---- Data shown

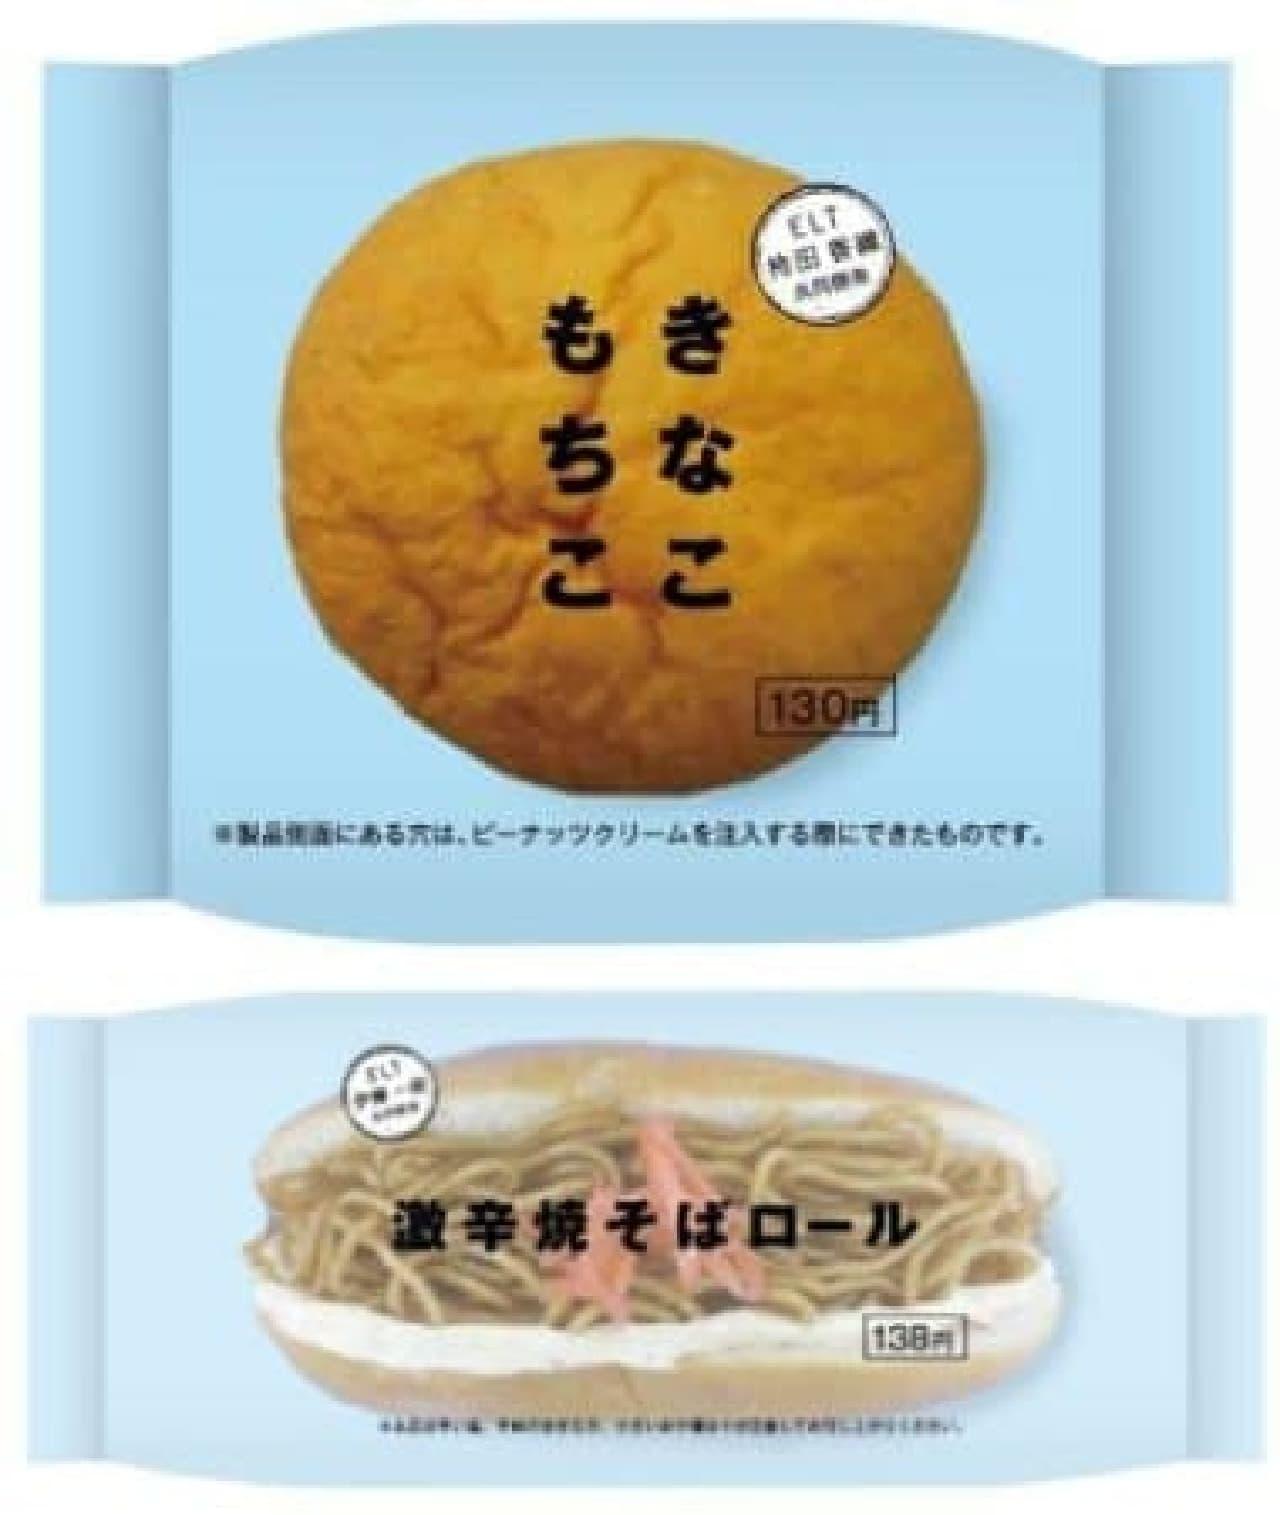 ELT 監修の「パン」が登場!
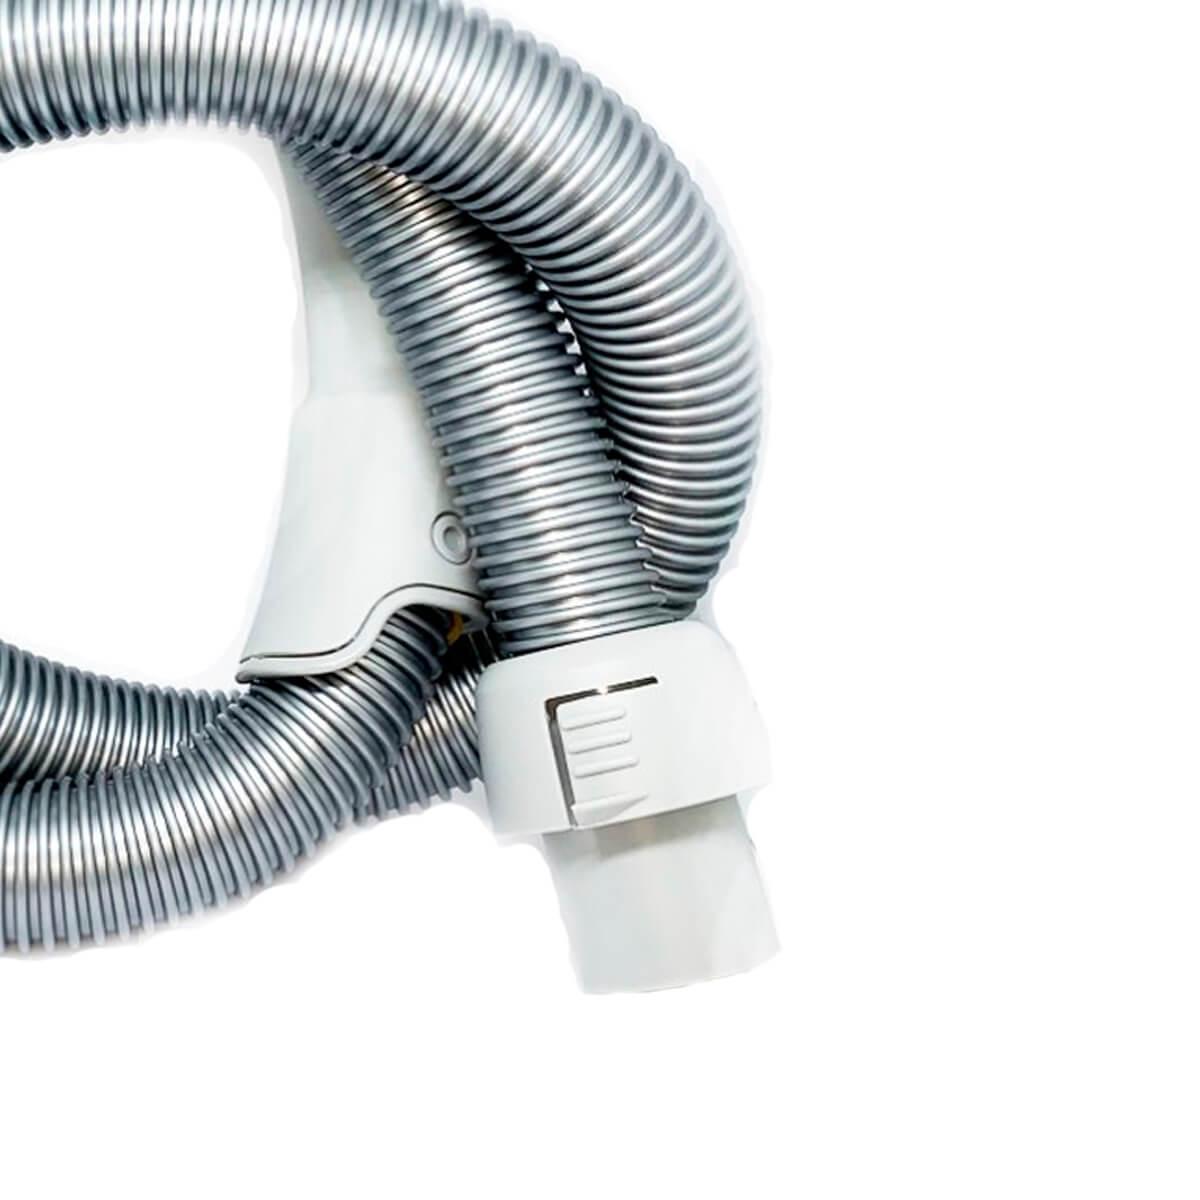 Mangueira Completa Para Aspirador Electrolux Litef - Lt004456
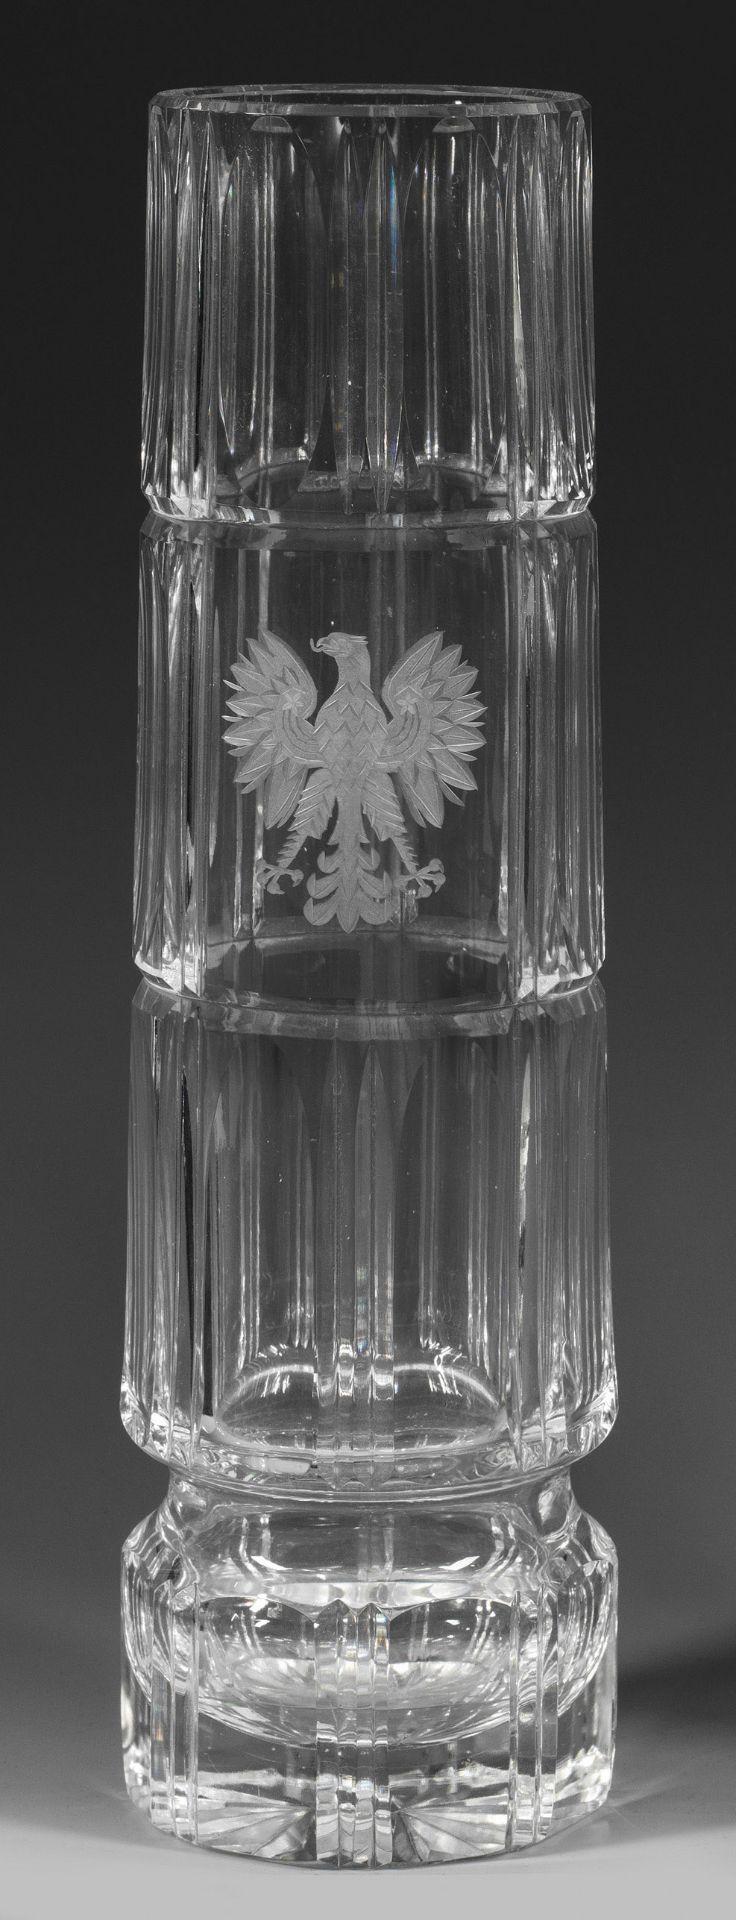 Große Bleikristall-Vase mit geschnittenem Adler-Motiv
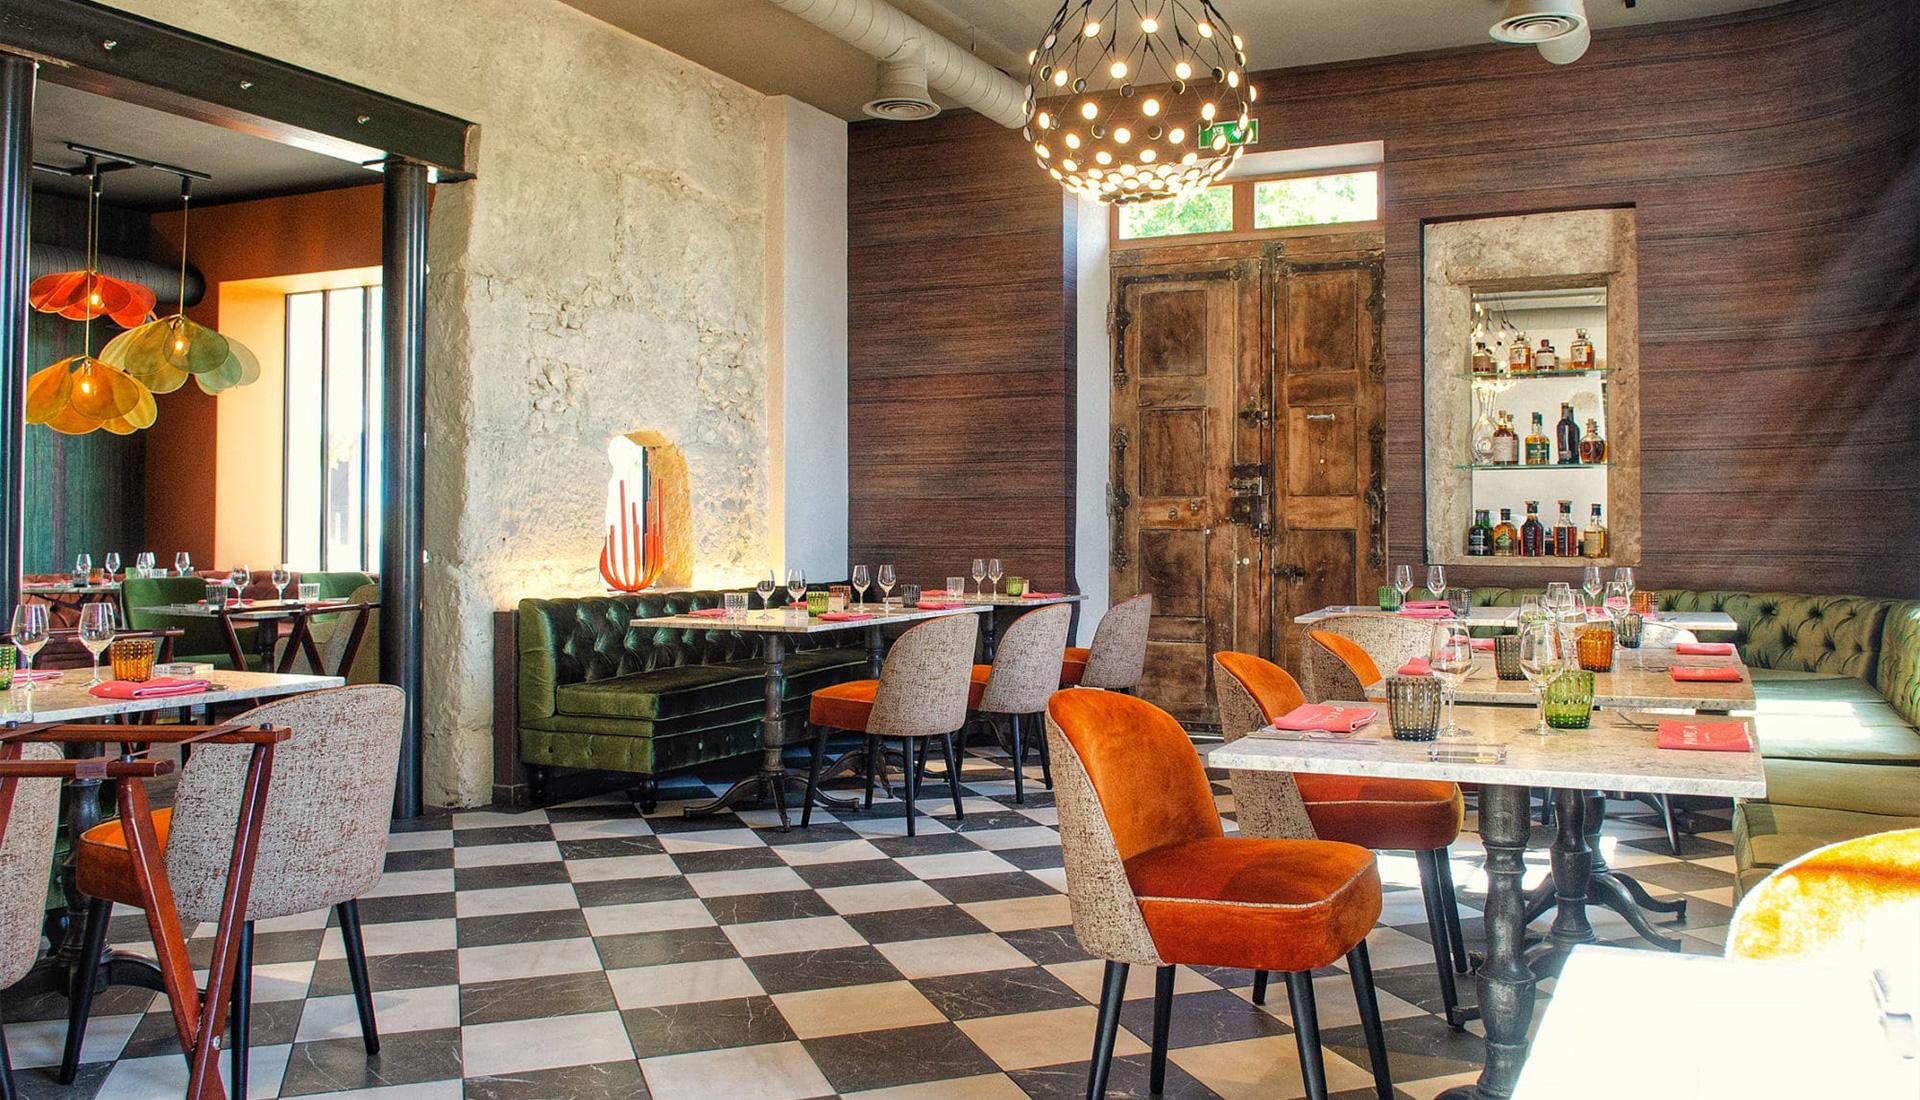 Pica pica restaurant - Béziers - Portal eclairage
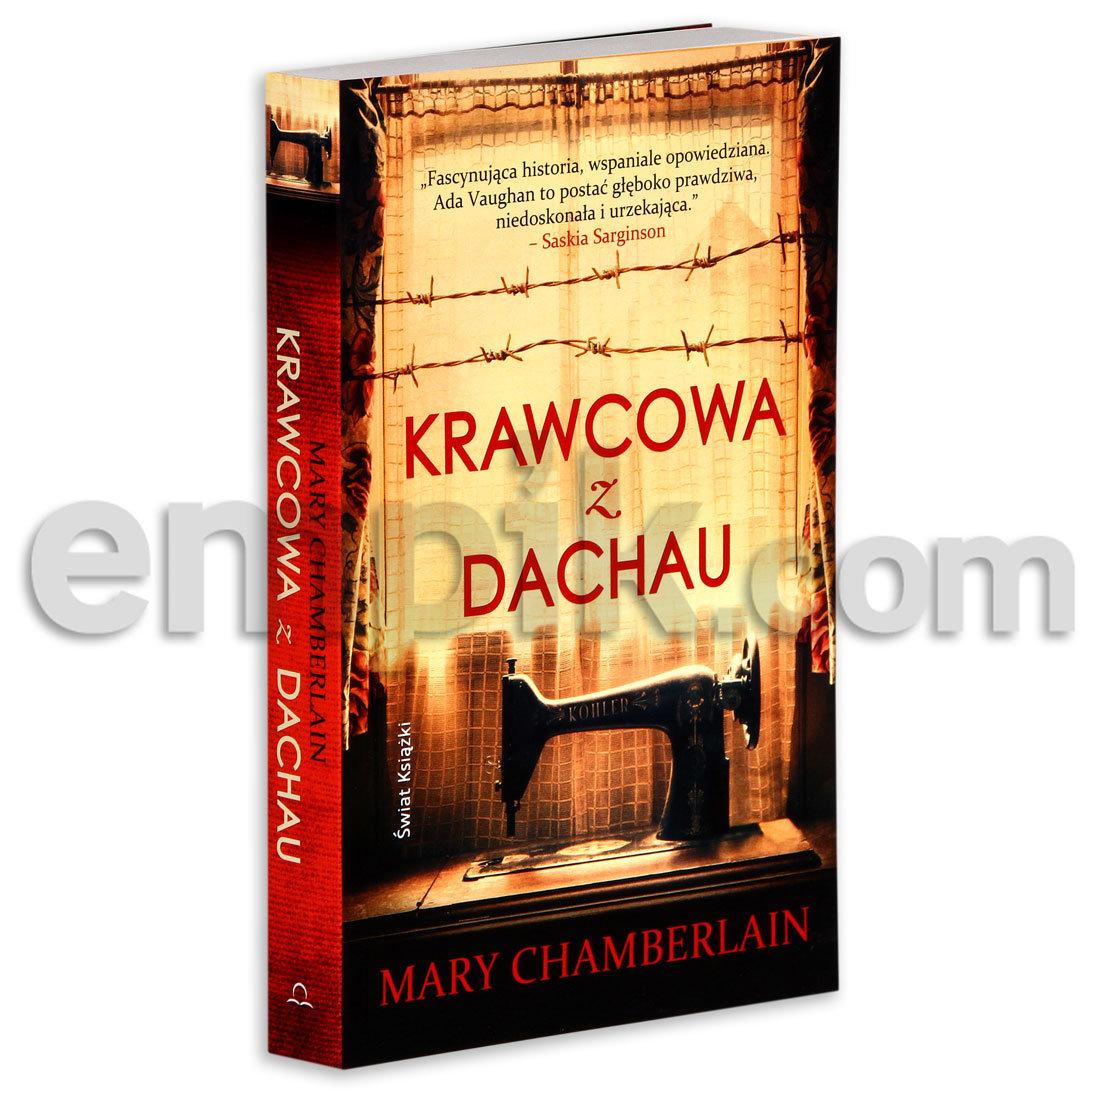 Krawcowa z Dachau - Chamberlain Mary | Książka w Sklepie ...

--------

◆ Your goal:
Exactly the lines from the one that contains "Pica pica restaurant" to the last line of the data, both included, should be set down, and no pictures should appear among them.

◆ Exercise solution:
 Pica pica restaurant - Béziers - Portal eclairage
 Krawcowa z Dachau - Chamberlain Mary | Książka w Sklepie ...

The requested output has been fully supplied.